Your pair feeds the chicks while you are watching, and _outside of the nestbox_? Wow. They sure must feel secure and comfortable with you.
They will be well-adjusted babies from the very start.


----------



## lperry82 (Aug 2, 2010)

Yea they are the 2 tamest iv got but i got cookie from breeder and he was already tame
lucky i got her from a pet store and i tamed her up nicely lol she is my first tiel.
They trust me with them as i held one other day and lucky came over and fed it while in my hand, lucky has a very trusting nature about her which is why she is a great mom


----------



## nikol witch (Mar 2, 2010)

lovely babies


----------



## lperry82 (Aug 2, 2010)

Lucky and cookie say thank you


----------



## Woodstock (Feb 25, 2011)

babies are so cute.. thanks for sharing


----------



## crazy4tiels88 (Aug 10, 2008)

Aww You Have A Lutino Baby In The Family!


----------



## casualrepartee (Apr 28, 2011)

ok..is it just me, but aren't they the UGLIEST, CUTEST little things ever? lol..


----------



## lperry82 (Aug 2, 2010)

Ha ha they are


----------



## Ann (Mar 13, 2008)

Too funny I love the first picture and the 'Get out o my face' picture.
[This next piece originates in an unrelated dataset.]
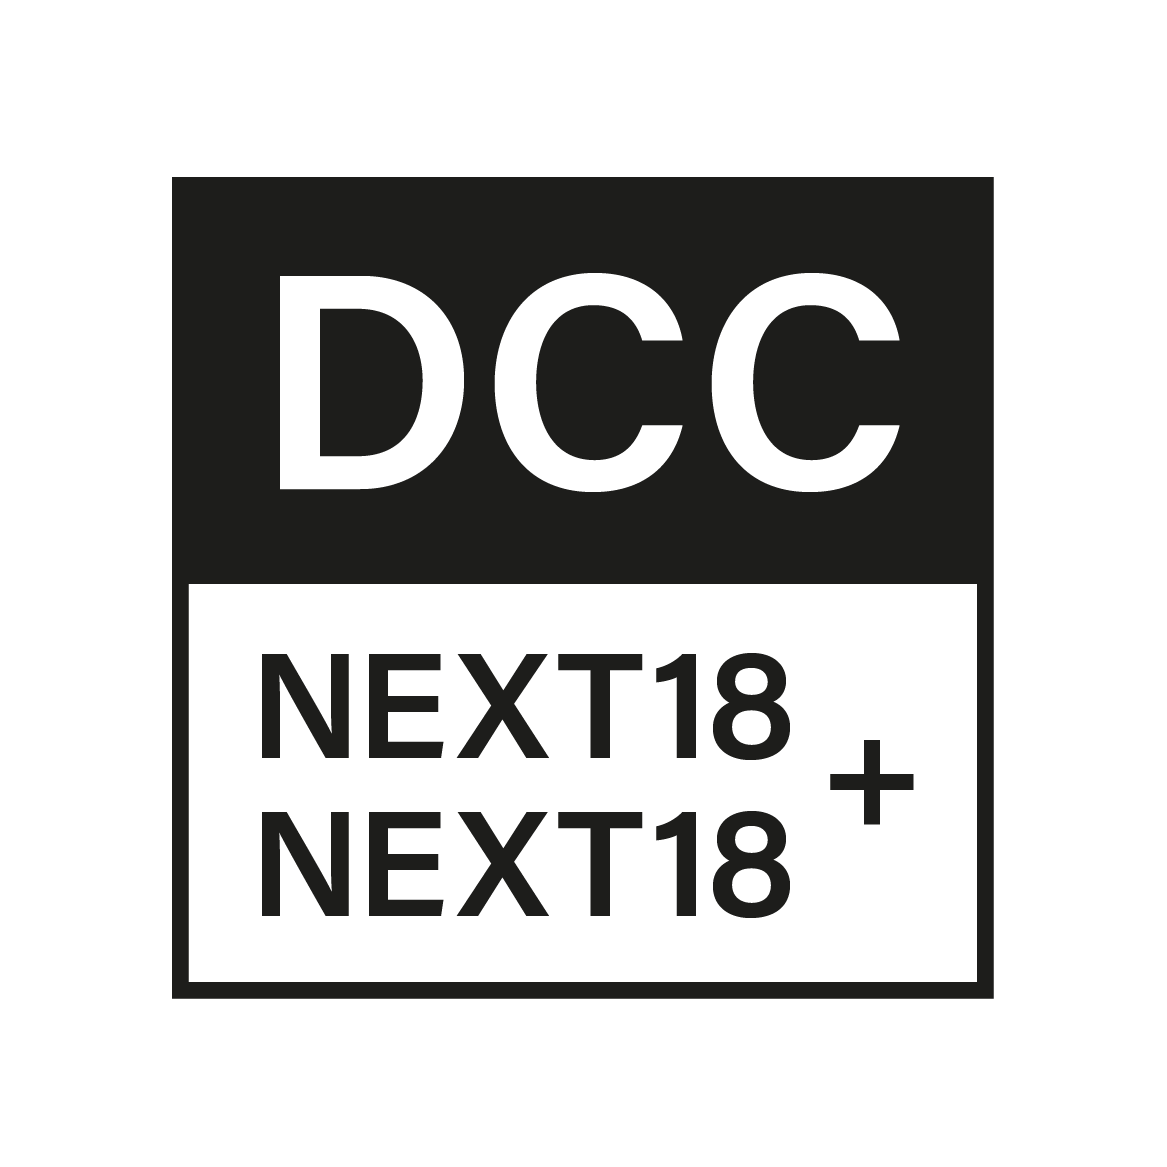 DCC_Next18_Next18

Can't wait to see they all grown up.


----------



## lperry82 (Aug 2, 2010)

I cant wait till they are fully feathered


----------



## trace (Jul 3, 2011)

Wow, such cute babies and hardworking parents!


----------



## lperry82 (Aug 2, 2010)

They are too good to them which they make me very proud


----------



## Lulu The Tiel (Apr 11, 2011)

Wow! Those are great pics + awesome captions. Glad to see that are doing so well. You have to keep one! Unacceptable if you don't! Heheh


Sent from my iPhone using Tapatalk


----------



## lperry82 (Aug 2, 2010)

Lulu im trying my best to keep one  

I will take more pics


----------



## Hadley (Jun 12, 2011)

Goodluck, tell him even numbers are better than uneven lol


----------